Portrait of an Artist: Yoan Capote

Fabien Fryns

A few days into a cigar-tasting trip to Cuba, the urge to explore the local art scene took over, and I remembered a character I had met in New York at an opening at Acquavella Gallery. Hemingway could not have invented him: a Havana-based Spanish adventurer occupied with “recovering national heritage” from the sea, and a major patron of the Cuban art scene.

 

I was soon discovering fascinating work in a sprawling mansion in the middle of Havana.

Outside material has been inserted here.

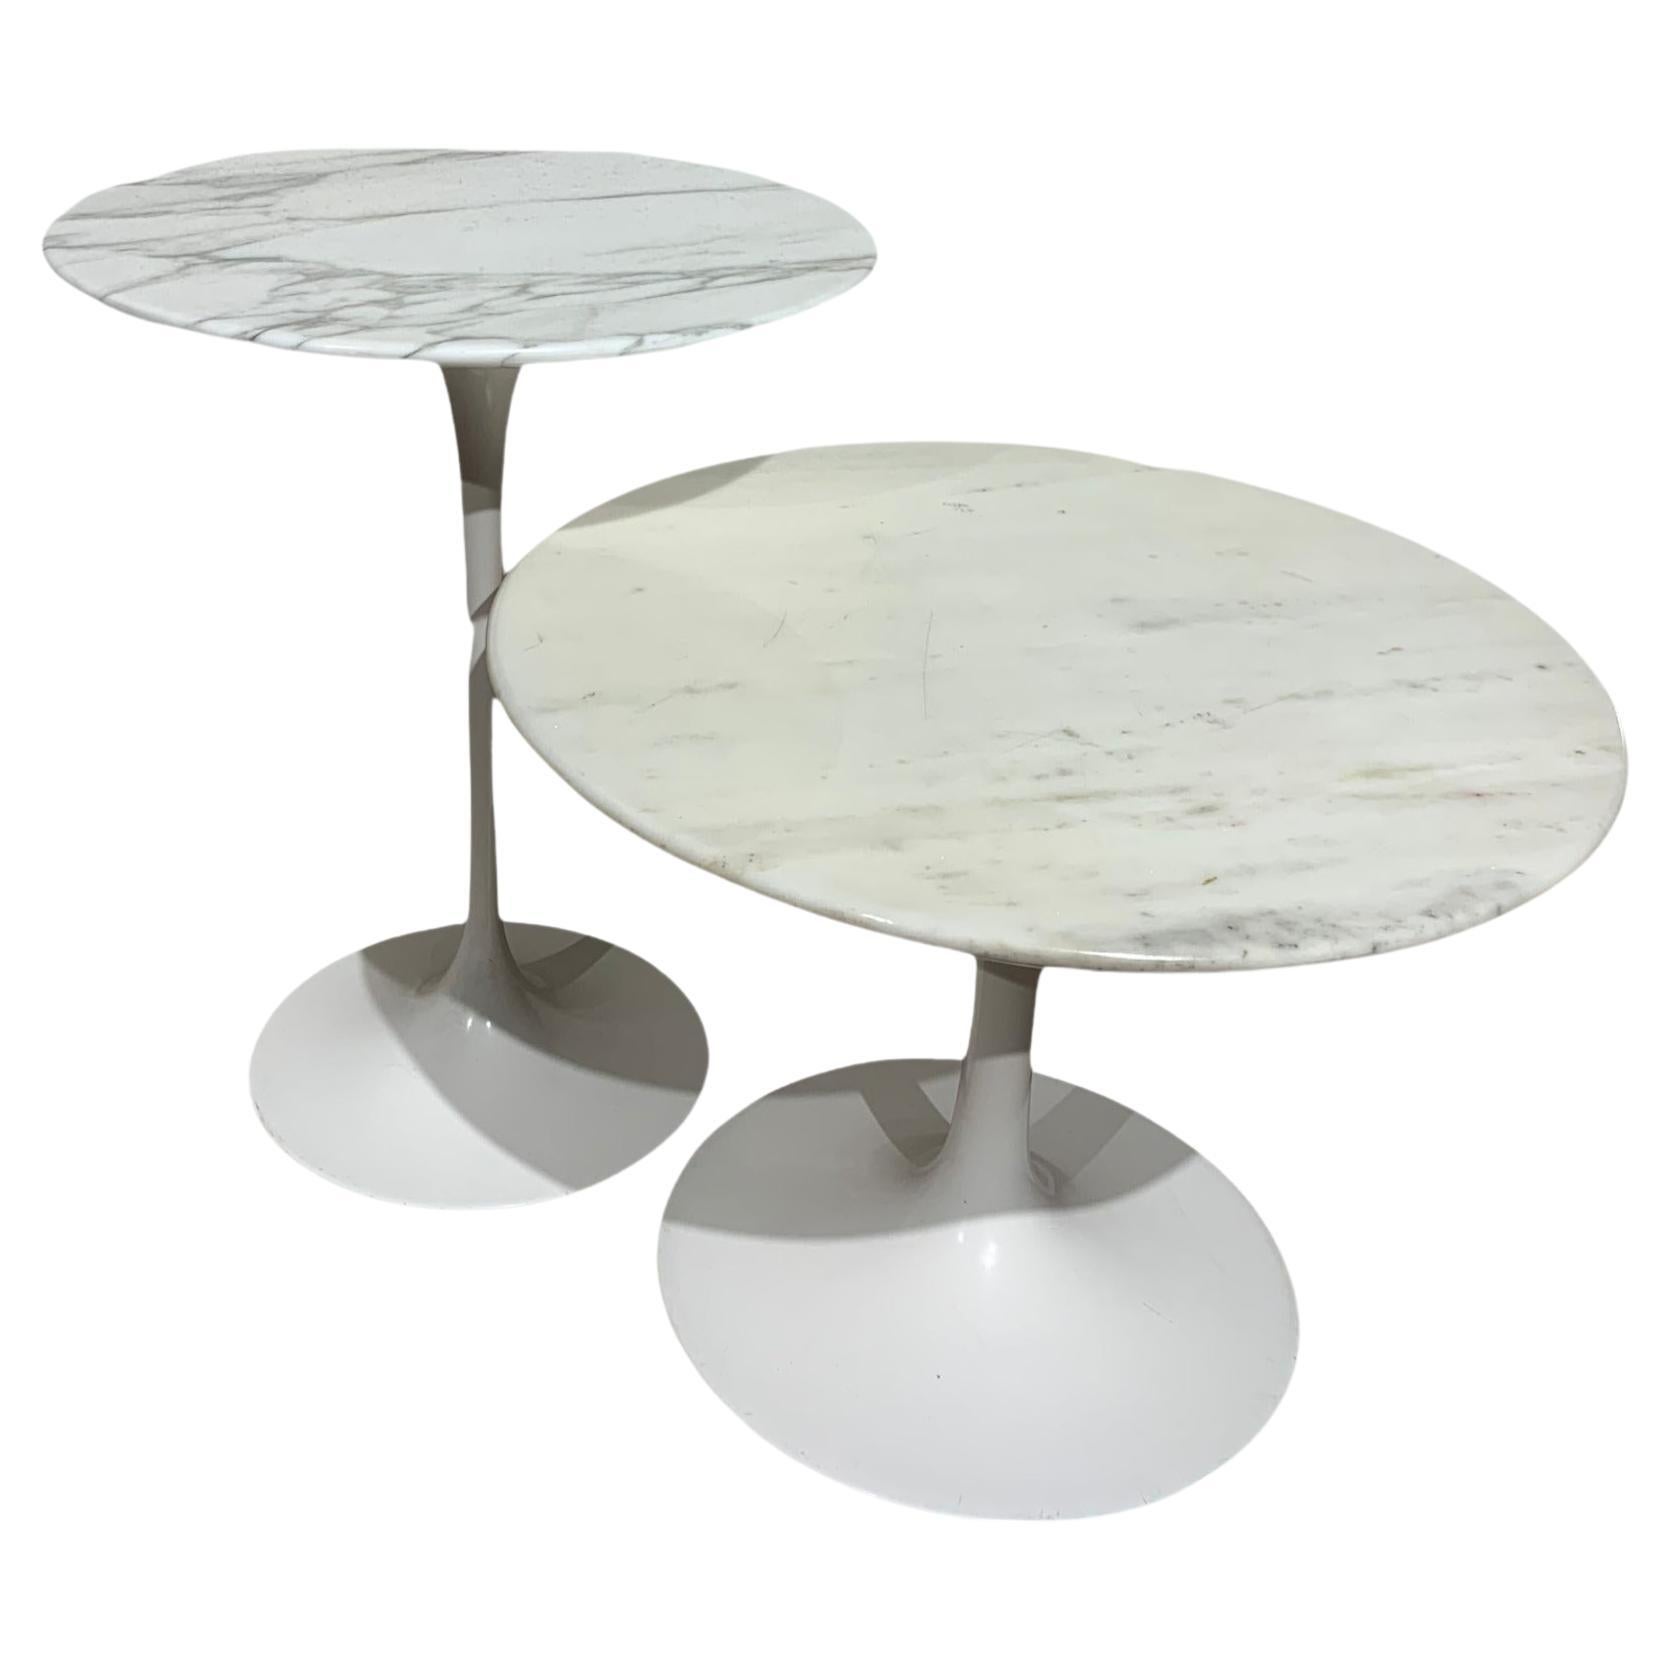 Pair of Tulip Tables by Eero Saarinen for Knoll

Besides the colourful erotic paintings by and of his artist wife which adorned the sweeping central staircase, one work caught my eye: a set of forged steel bars of the sort that protect the windows of Cuban houses. Four of the bars had been shaped to create profiles of faces, at once human and yet faceless in their inhumanity—a portrait of today’s surveillance culture and the intrusion of the state—any state—into the private life of the individual. Paranoia was my first encounter with the work of Yoan Capote, and it was love at first sight.

 

A meeting was quickly arranged. Capote’s studio struck me as very orderly, efficient and well arranged. Although his work comments on the political situation in Cuba, this is far from being “underground”. Much of his oeuvre addresses oppression, and the restrictions on the freedoms of speech and movement. Even his seascapes describe a sinister reality, fashioned from fish hooks hand-sewn onto the canvas—medium and subject combining as a metaphor for the island as prison with the hostile ocean as its perimeter fence.

 

One work is more powerful than anything I had seen since Ai Weiwei’s Sunflower Seeds. Entitled Stress, it was created over seven years, during which Capote collected 6,000 human teeth from dentists, hospitals, archaeological sites, his friends and his own mouth. These were arranged to suggest an aerial view of a large crowd, on which rocked a shaped concrete block weighing 500kg. As well as the visual and kinetic impact of the work, it was accompanied by an aural dimension: the sounds of thousands of human teeth grinding, as if afflicted by a mass outbreak of bruxism.

 

Despite Capote’s increasing international success, he remains adamant on keeping his base in Havana. “My works are the result of a constant intent for translating into a physical experience our psychological or inner conflicts,” he says. “Art for me is a form of psychological analysis and a guarantee of sanity.” It is perhaps the challenging conditions and paradoxes of life in Cuba that lead not to despair but instead to the expansion of his being and his artistic practice.

 

Yoan Capote’s work is currently on show at the Gwangju Biennale, South Korea.